Judith D. Freyer, Executive Vice President and Chief Investment Officer, reviewed the 2018 year-to-date performance of 1.0 percent within the framework of global economic and political events. The Balanced Investment Portfolio exceeded the return of the Asset Mix Policy Benchmark year-to-date and for the one, three, five, 10, 15, and 20 years ended May 31, 2018. The policy benchmark assumes passive management of the portfolio using index funds. The portfolio also exceeded the 6 percent Pension Plan actuarial assumption for the one, three, five, 10, 15, and 20 years ended May 31, 2018.
The Balanced Investment Portfolio is the investment fund for the Pension Plan, Death and Disability Plan, Endowment Fund, and Assistance Program as well as for restricted gifts made to the Board of Pensions. On May 31, 2018, the portfolio had a market value of $9.5 billion.
The Directors approved the creation of Assistance Program grants to make whole, from a survivor's benefit perspective, same-gender spouses or partners who were in legally recognized marriages, civil unions, or other legally recognized relationships conveying inheritance benefits with Pension Plan members who died before 2013.

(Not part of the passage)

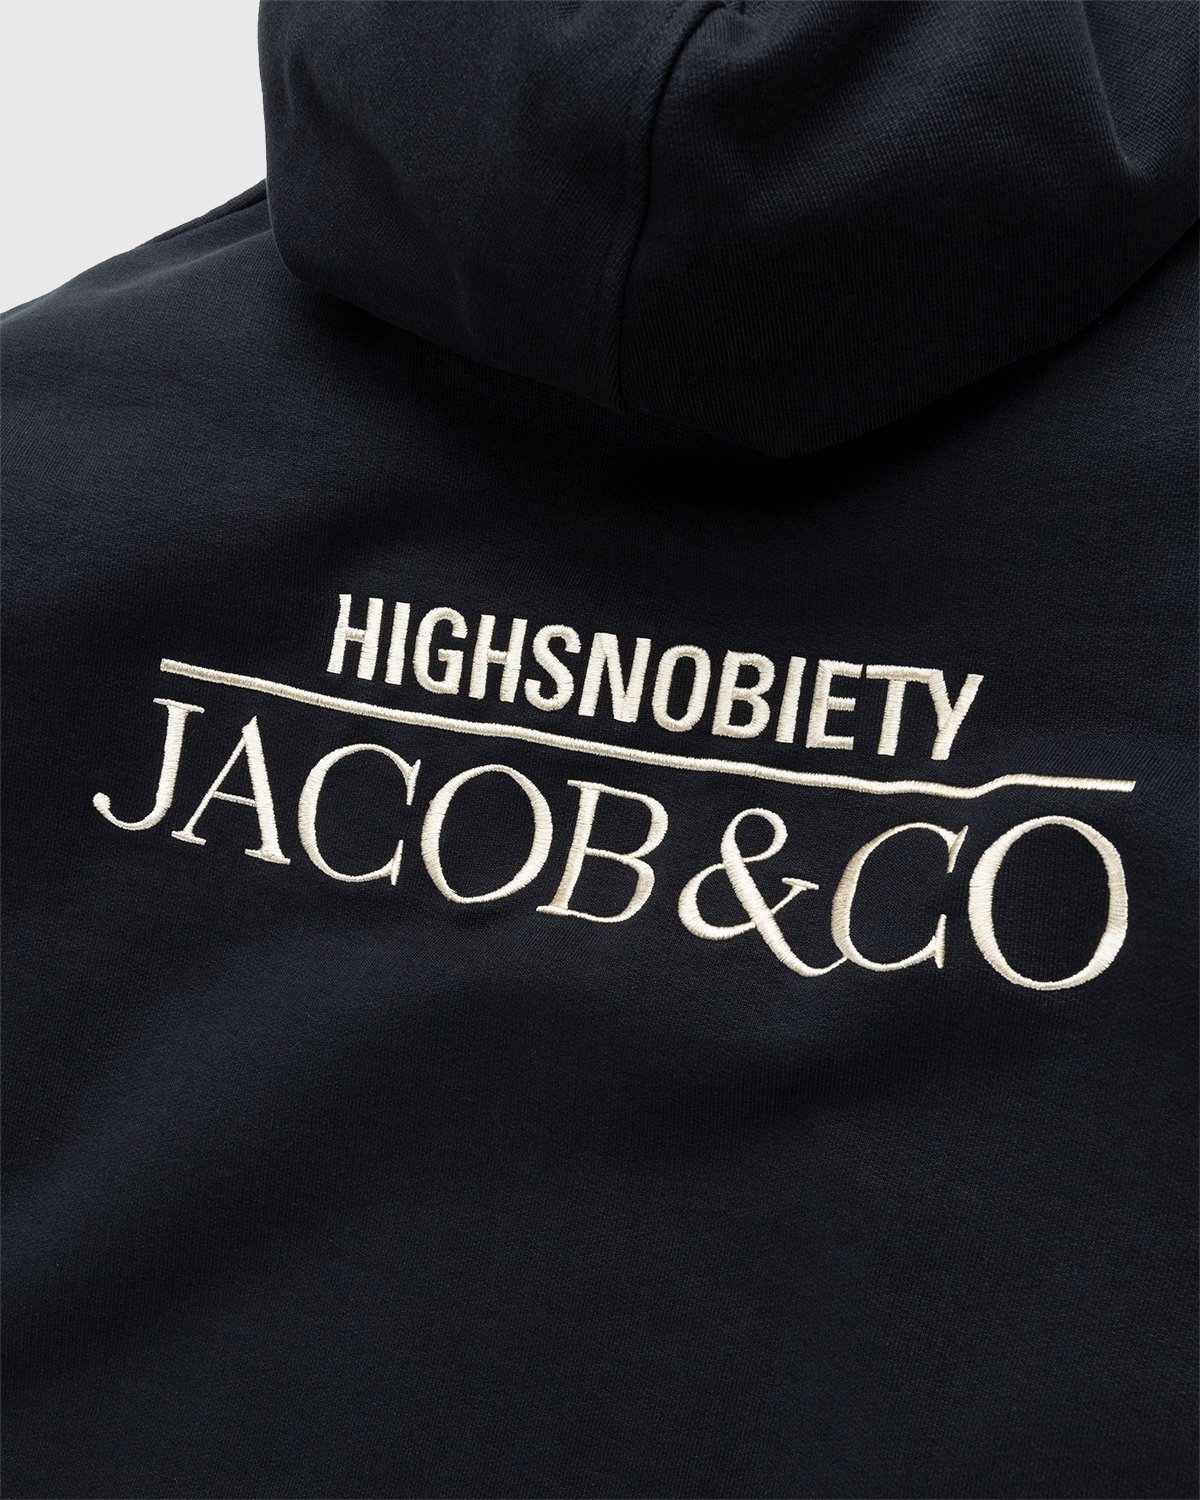 Jacob & Co. x Highsnobiety - Logo Fleece Hoodie Black - Clothing - Black - Image 3
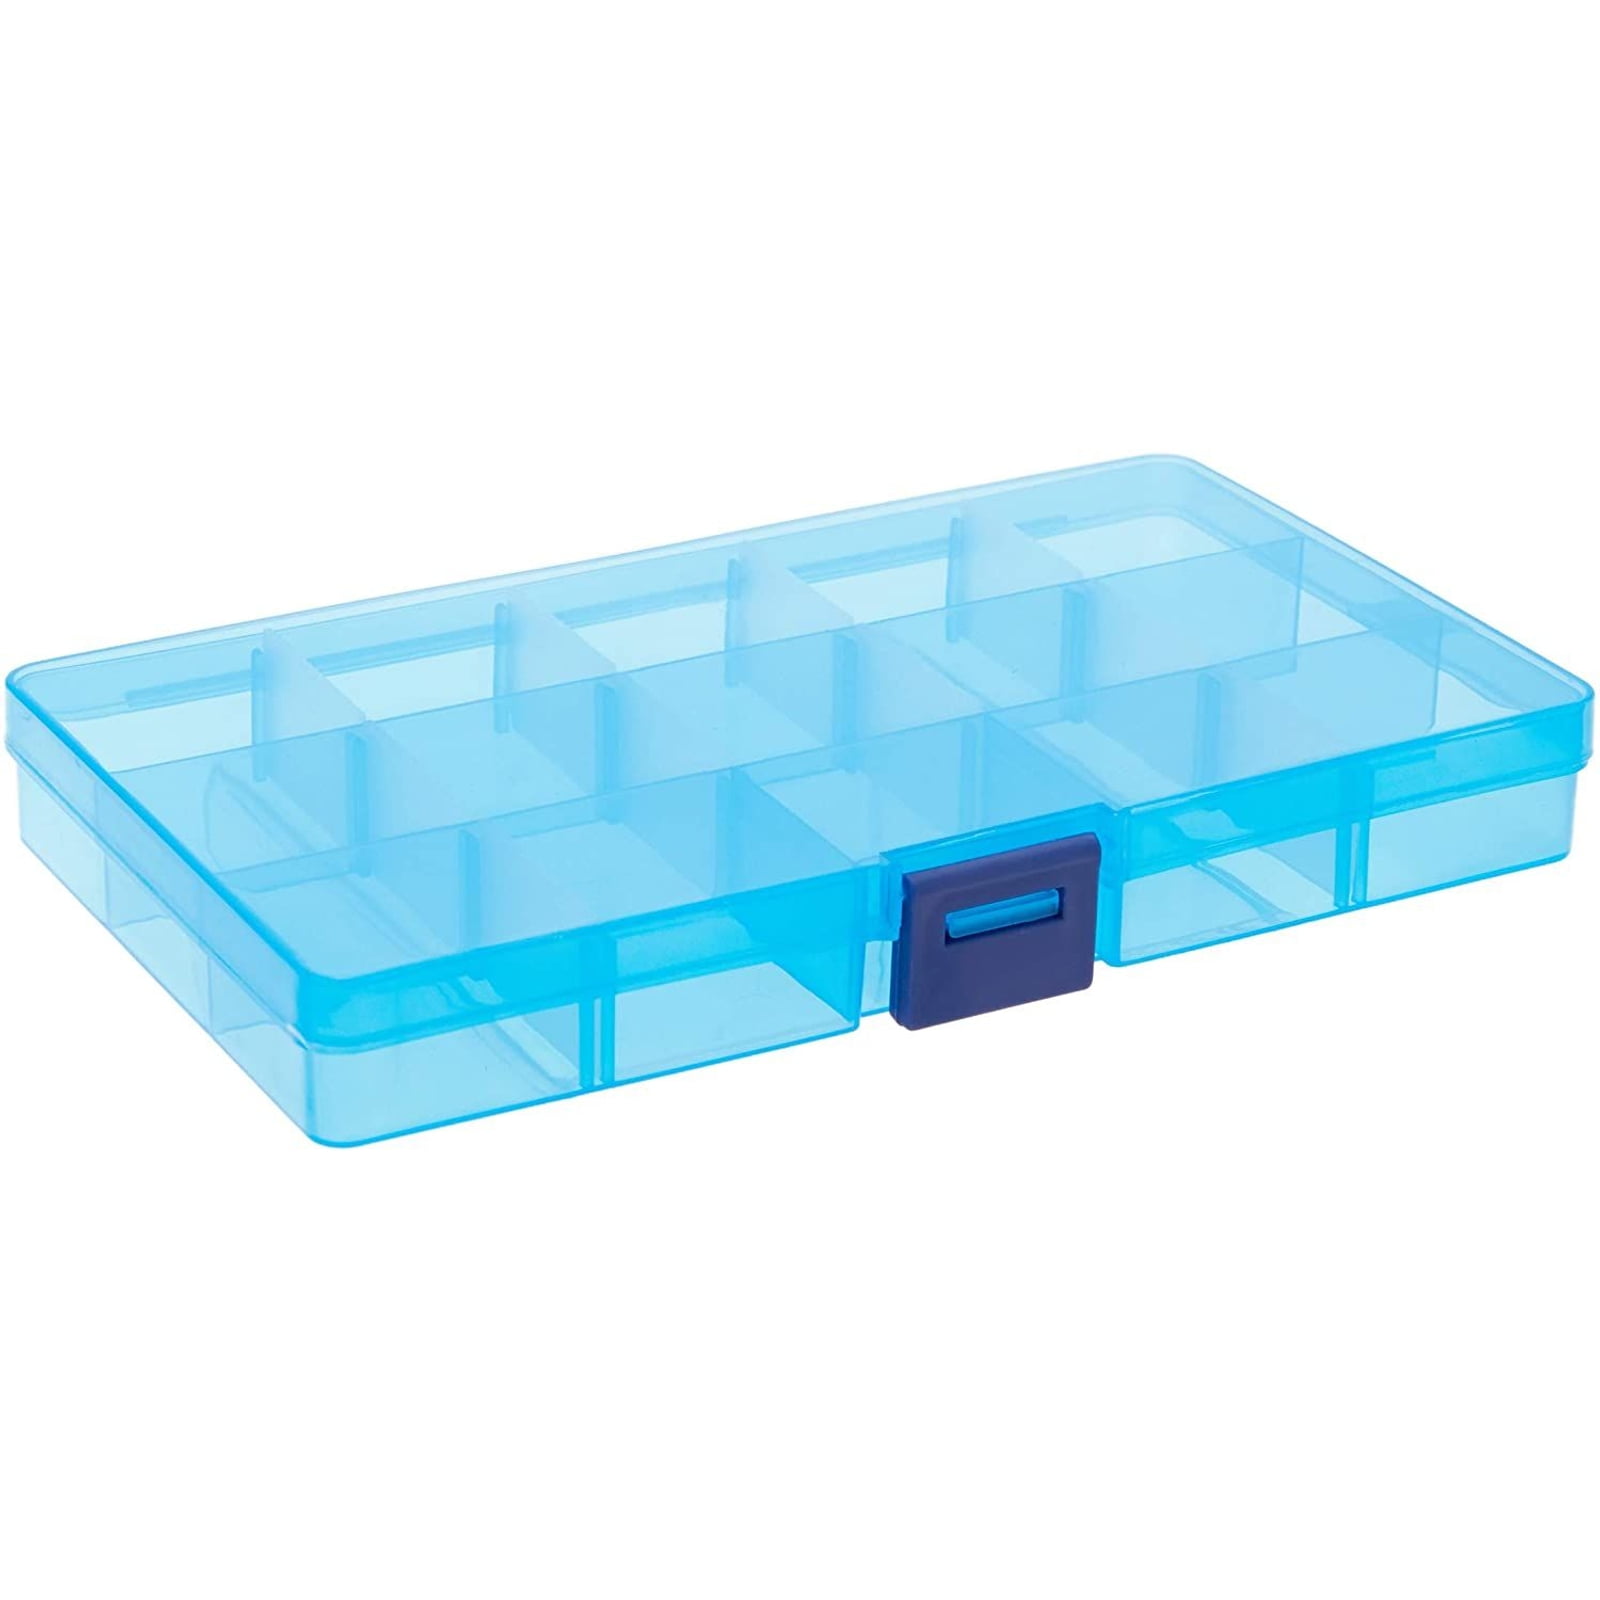 Jigitz Plastic Jewelry Organizer Box 8pk Plastic Organizer Box with Dividers, Size: Small

This action acknowledges that if the Presbyterian Church (U.S.A.) had recognized these legal relationships at the time of plan members' deaths, surviving spouses and partners would have been entitled to survivors' benefits under the Pension Plan.
The Directors committed $45,000 from the Assistance Program to fund one-half of the expected commitment necessary for these grants, challenging the Presbyterian Mission Agency and the Office of the General Assembly [collectively, the Presbyterian Church (U.S.A.), A Corp.] to take action recognizing the responsibility of the PC(USA) in creating this circumstance and, in recognition of that responsibility, to fund the other half of the expected commitment in the amount of $45,000.
The Board of Pensions expressed appreciation for the collaboration with the Covenant Network of Presbyterians and More Light Presbyterians in helping to identify eligible individuals.
The Directors reaffirmed the designation of the following advisers:
They also engaged Deloitte & Touche LLP as external auditors and Protiviti as internal auditors.
Nine new Directors, bringing diverse demographic backgrounds and professional expertise to their roles, were welcomed at the July 2018 meeting of the Board of Directors and assigned or elected to serve on the committees indicated:
|Gordon C. Enderle||Madison, Wisconsin||Audit and Compliance |
|George Hauptfuhrer||Atlanta, Georgia||Board Development and Governance*|
|Andrew Junkin||Superior, Colorado||Assistance and Church Engagement|
|C. William Keith||Charlotte, North Carolina||Audit and Compliance|
|Cindy Levering||Baltimore, Maryland||Board Development and Governance*|
|Larry I. Palmer||Richmond, Virginia||Assistance and Church Enagement|
|The Reverend Stan Reid, M.D.||Greenville, South Carolina||Board Development and Governance*|
|The Reverend Fernando Rodriguez||Bloomfield Hills, Michigan||Assistance and Church Engagement|
|Joshua Power Stevens||Walnut Creek, California||Audit and Compliance|
|*elected to serve on this committee by the Board of Directors |
Elected by the 223rd General Assembly (2018), the new Directors replace members of the outgoing Class of 2018, whose terms expired at the conclusion of the 223rd General Assembly (see Spring 2018 Board Bulletin).